Latimer and Van Meter next urge their non-payment of taxes was not willful because they had a "reasonable cause" for not paying such taxes. Our Court of Appeals appears to have put that defense to rest ten years ago in Monday, 421 F.2d at 1216. See discussion in Harrington v. United States, 504 F.2d 1306, 1315-16 (1st Cir. 1974).

Even on the assumption a "quite-limited-in-scope" exception does exist in some quarters (see Howard, 711 F.2d at 736), the reasons Latimer and Van Meter advance as "reasonable cause" are not persuasive. As they would have it:

    1. They unwittingly waived Coalition's
  exemption from FICA taxes by paying such taxes
  for three consecutive quarters (Section
  3121(k)(4), repealed P.L. 98-21, Title I, §
  102(b)(2), Apr. 20, 1983). Hence the IRS should
  have allowed Coalition's request to abate the tax
  assessment, and Latimer and Van Meter had
  reasonable cause for not paying it.

    2. They relied on an IRS agent's advice to file
  a request for abatement of the assessment due to
  the FICA tax exemption. That gave them reasonable
  cause for waiting and not paying the taxes.

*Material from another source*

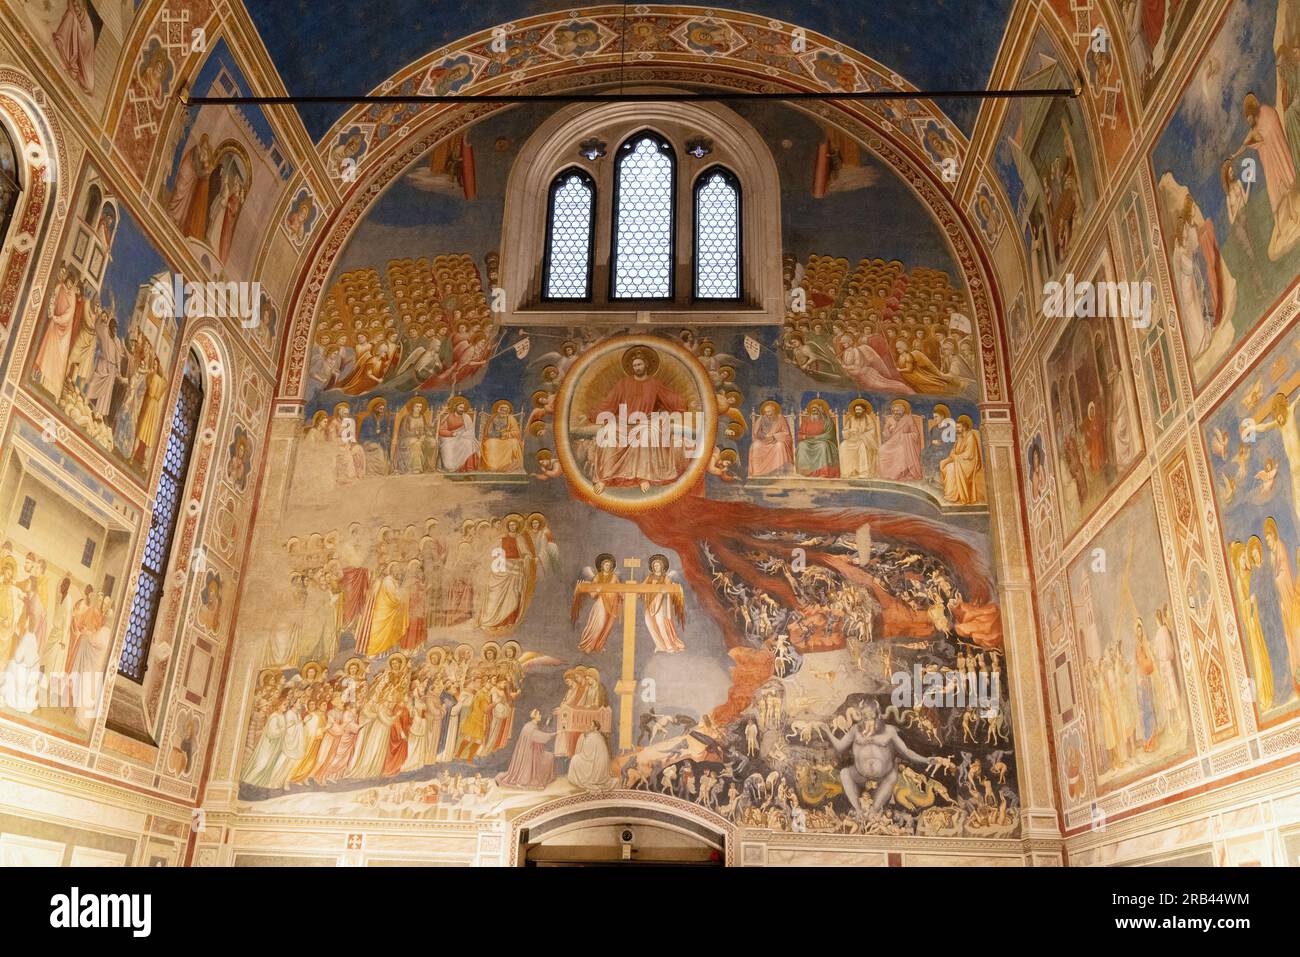 Fresques de Giottos, à l'intérieur de la chapelle Scrovegni, Padoue - peinture de la Renaissance italienne du 14e siècle - ici 'le jugement dernier' ; Padoue Italie Europe Banque D'Images

That first argument was the crux of the allegations in Latimer's complaint here. Hornbook law teaches the taxpayer has the burden of proving the IRS assessment of taxes is incorrect. See, e.g., Griffin v. United States, 588 F.2d 521, 530 (5th Cir. 1979). Yet Latimer and Van Meter have presented no facts at all that would give rise to even an inference the IRS was wrong in its assessment, nor have they cited any legal authority to invalidate Coalition's waiver of the exemption. In short they have not even attempted to meet their burden on this argument.

As for their second assertion, Latimer and Van Meter are held to knowledge of the law and cannot rely on a government agent's representation of what the law is. Heckler v. Community Health Services of Crawford County, Inc., ___ U.S. ___, 104 S.Ct. 2218, 2225-26, 81 L.Ed.2d 42 (1984). Claimed reliance on an IRS agent's advice to explain the problem to the IRS is not sufficient "reasonable cause" for not paying the taxes then due and owing. See Howard, 711 F.2d at 736.

In sum (1) "reasonable cause" is at most a limited defense and (2) in any case Latimer and Van Meter have not shown it existed here. This second level of their overall defense is equally flawed.


There is no genuine dispute as to any material fact,*fn9 and the United States is entitled to a joint and several judgment*fn10 on its counterclaims against each of Latimer and Van Meter (but, of course, to only one satisfaction of judgment). Judgment is of course also entered for the United States on Latimer's Complaint. If the United States wishes to tender a draft judgment order as to all the claims, it should do so immediately.